**DATA SHOWN:**
━━━━

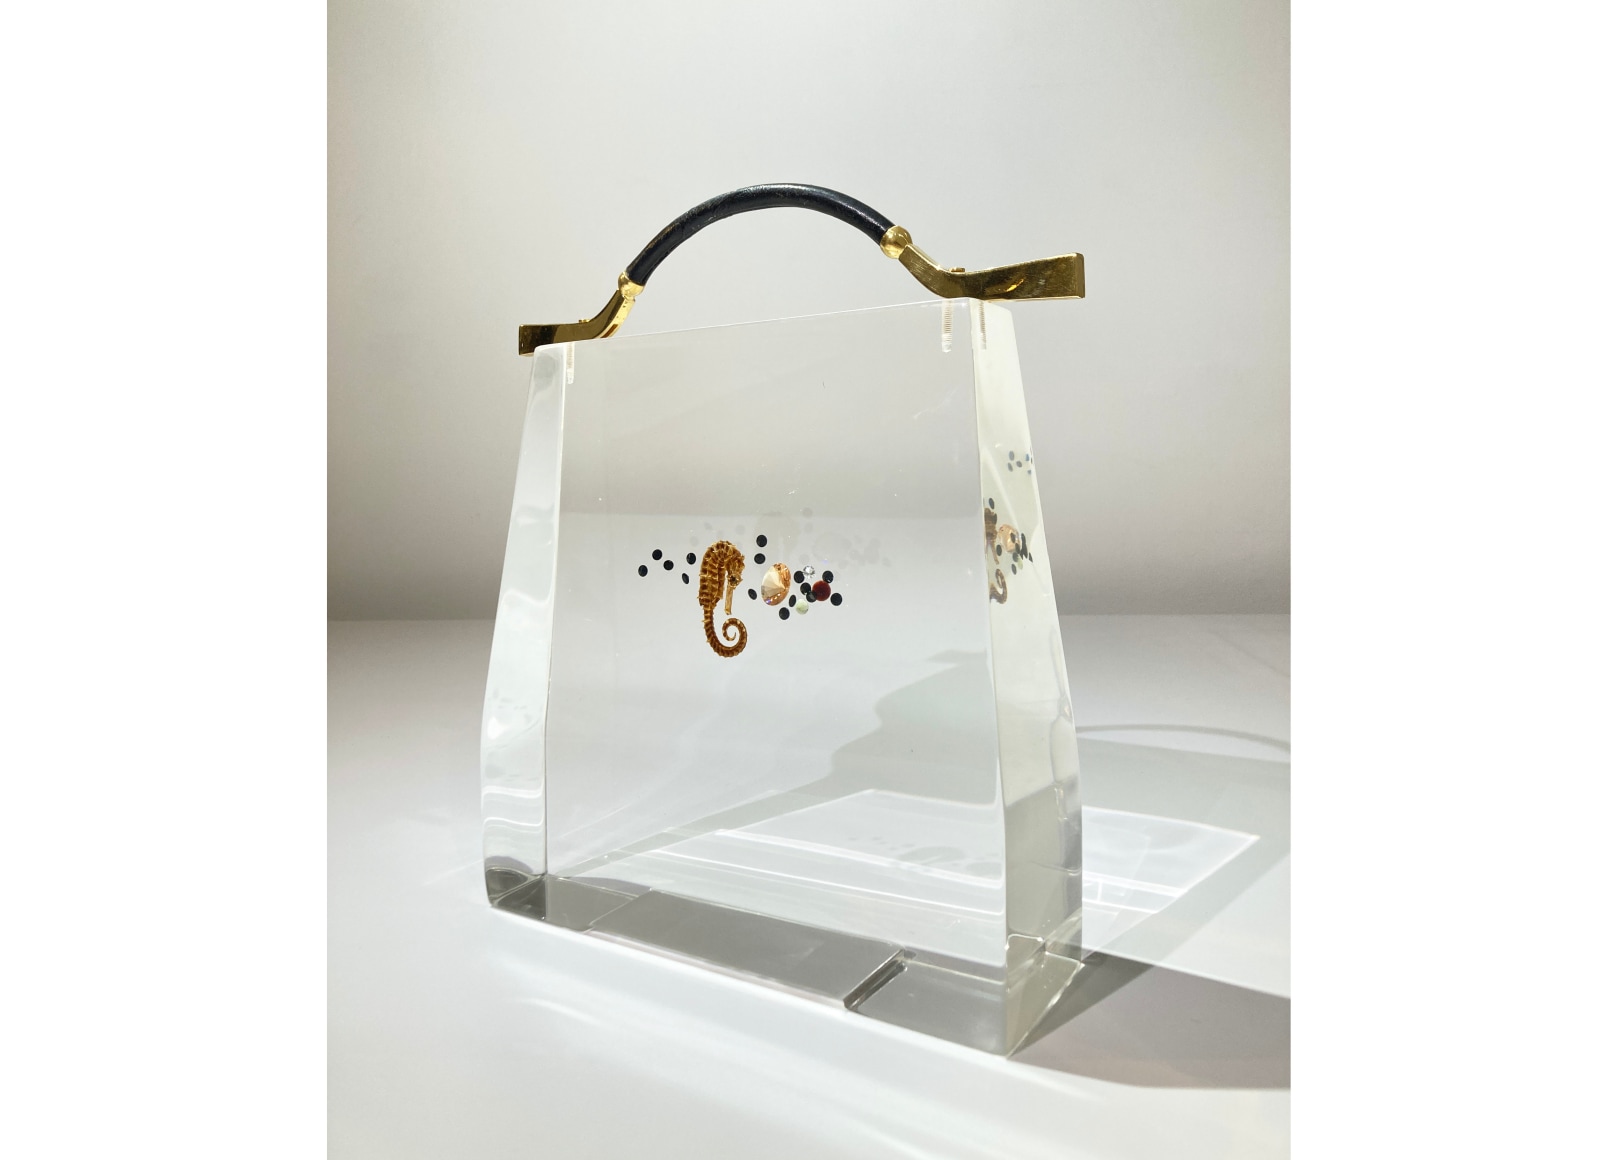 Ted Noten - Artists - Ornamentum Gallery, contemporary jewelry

━━━━

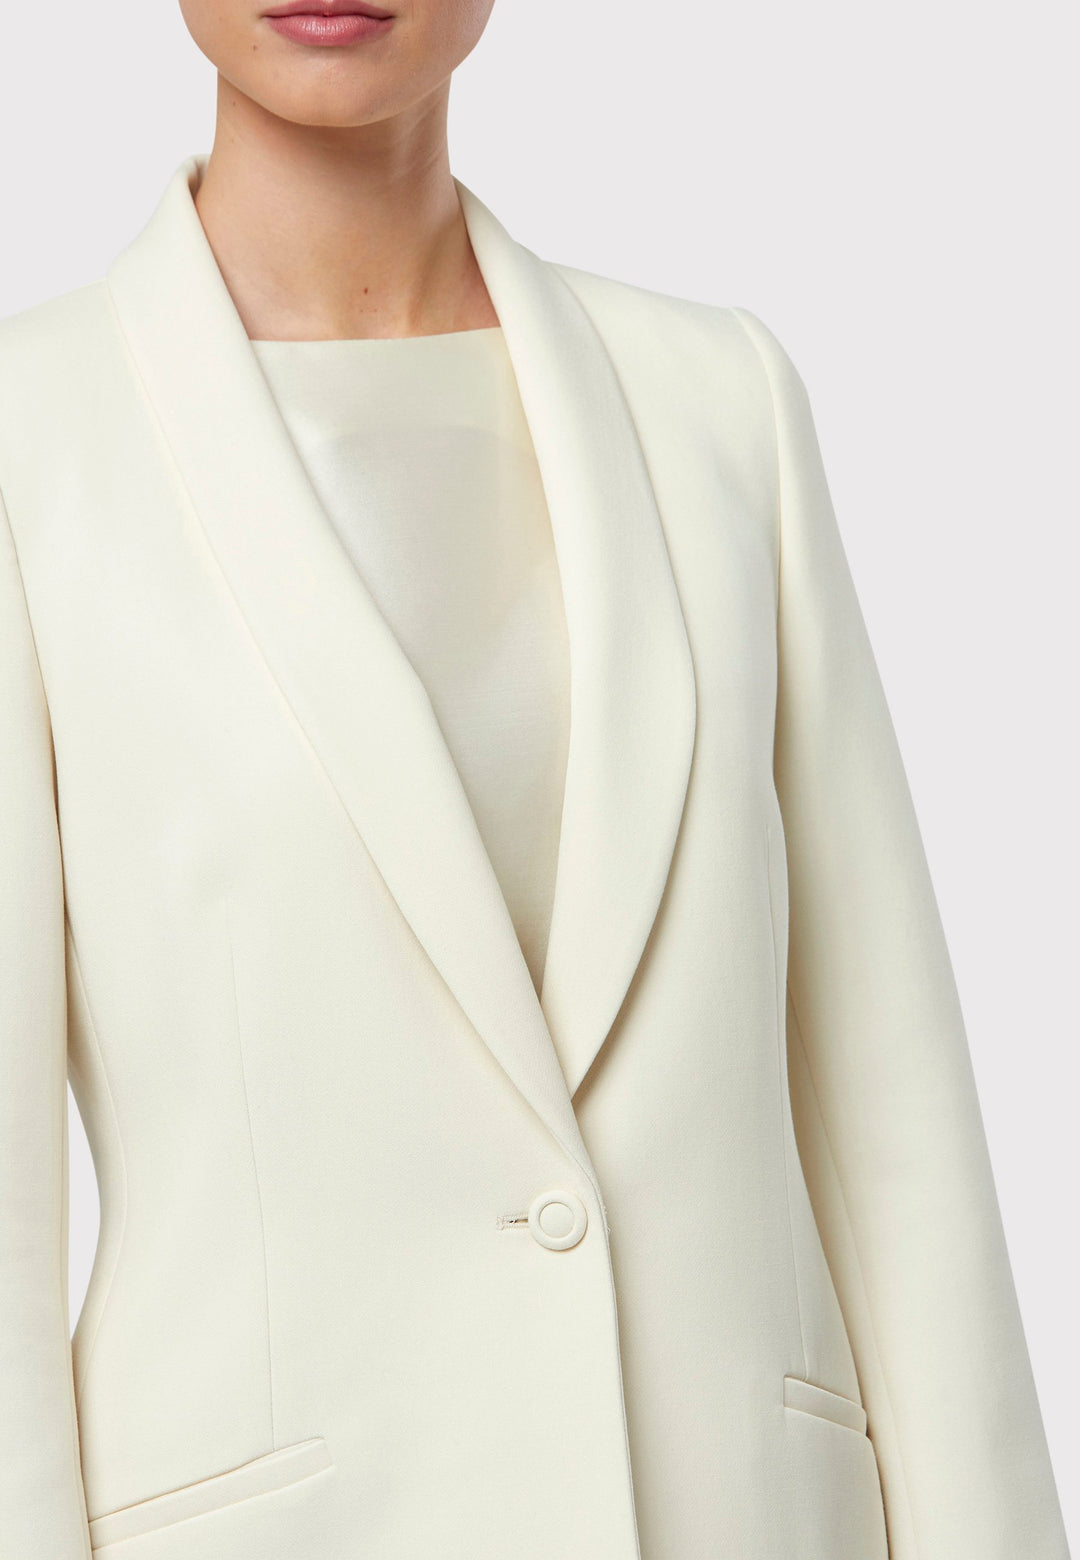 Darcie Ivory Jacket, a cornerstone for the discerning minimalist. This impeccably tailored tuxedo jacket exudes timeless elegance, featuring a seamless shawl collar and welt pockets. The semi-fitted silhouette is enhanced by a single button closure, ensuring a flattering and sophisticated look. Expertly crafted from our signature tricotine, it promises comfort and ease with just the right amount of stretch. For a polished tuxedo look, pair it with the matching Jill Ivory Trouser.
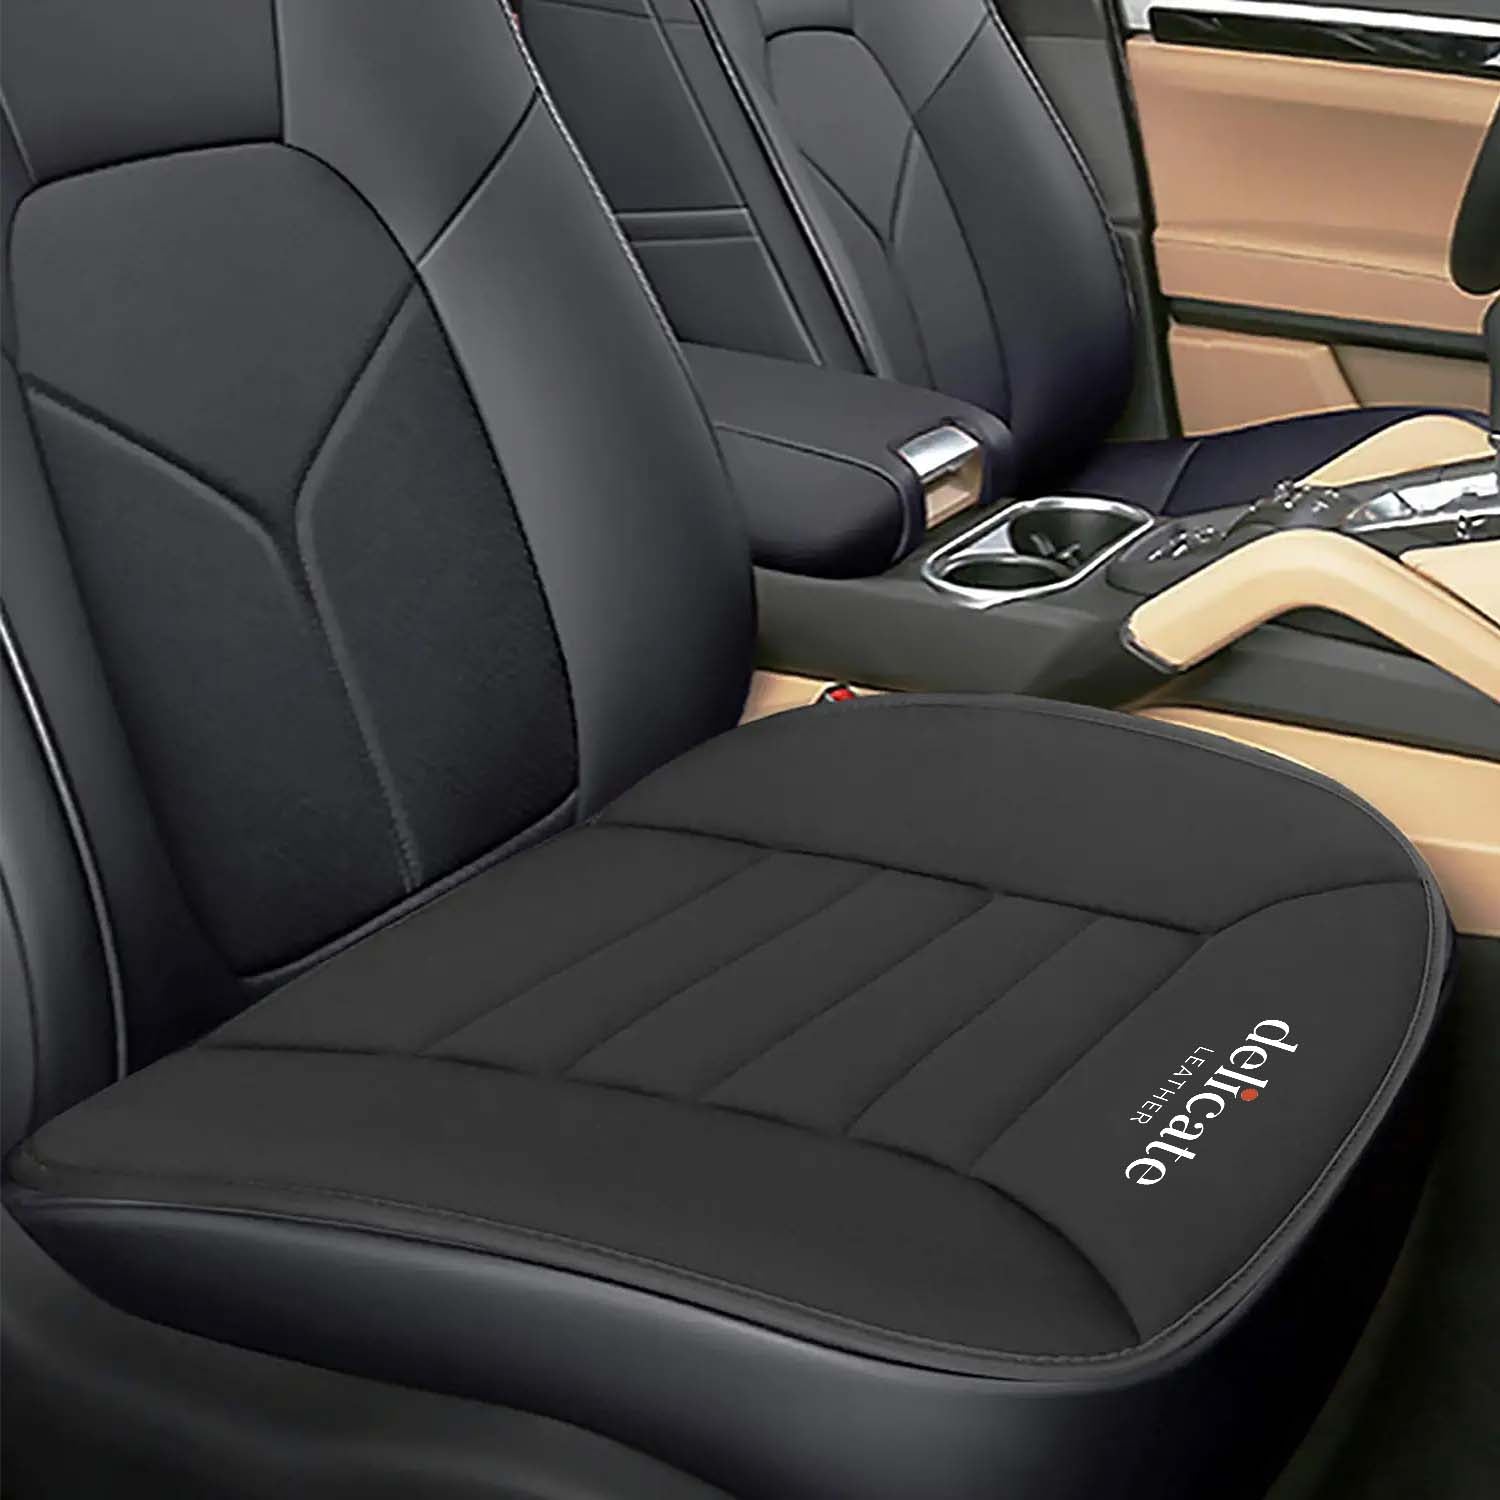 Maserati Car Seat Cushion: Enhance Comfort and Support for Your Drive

━━━━

**YOUR INSTRUCTIONS:** From the data above, retype only the lines starting with the line with "Darcie Ivory Jacket, a" and going on through the line with "Maserati Car Seat", exactly, leaving out the pictures.

**SOLUTION FOR THIS TASK:**
 Darcie Ivory Jacket, a cornerstone for the discerning minimalist. This impeccably tailored tuxedo jacket exudes timeless elegance, featuring a seamless shawl collar and welt pockets. The semi-fitted silhouette is enhanced by a single button closure, ensuring a flattering and sophisticated look. Expertly crafted from our signature tricotine, it promises comfort and ease with just the right amount of stretch. For a polished tuxedo look, pair it with the matching Jill Ivory Trouser.
 Maserati Car Seat Cushion: Enhance Comfort and Support for Your Drive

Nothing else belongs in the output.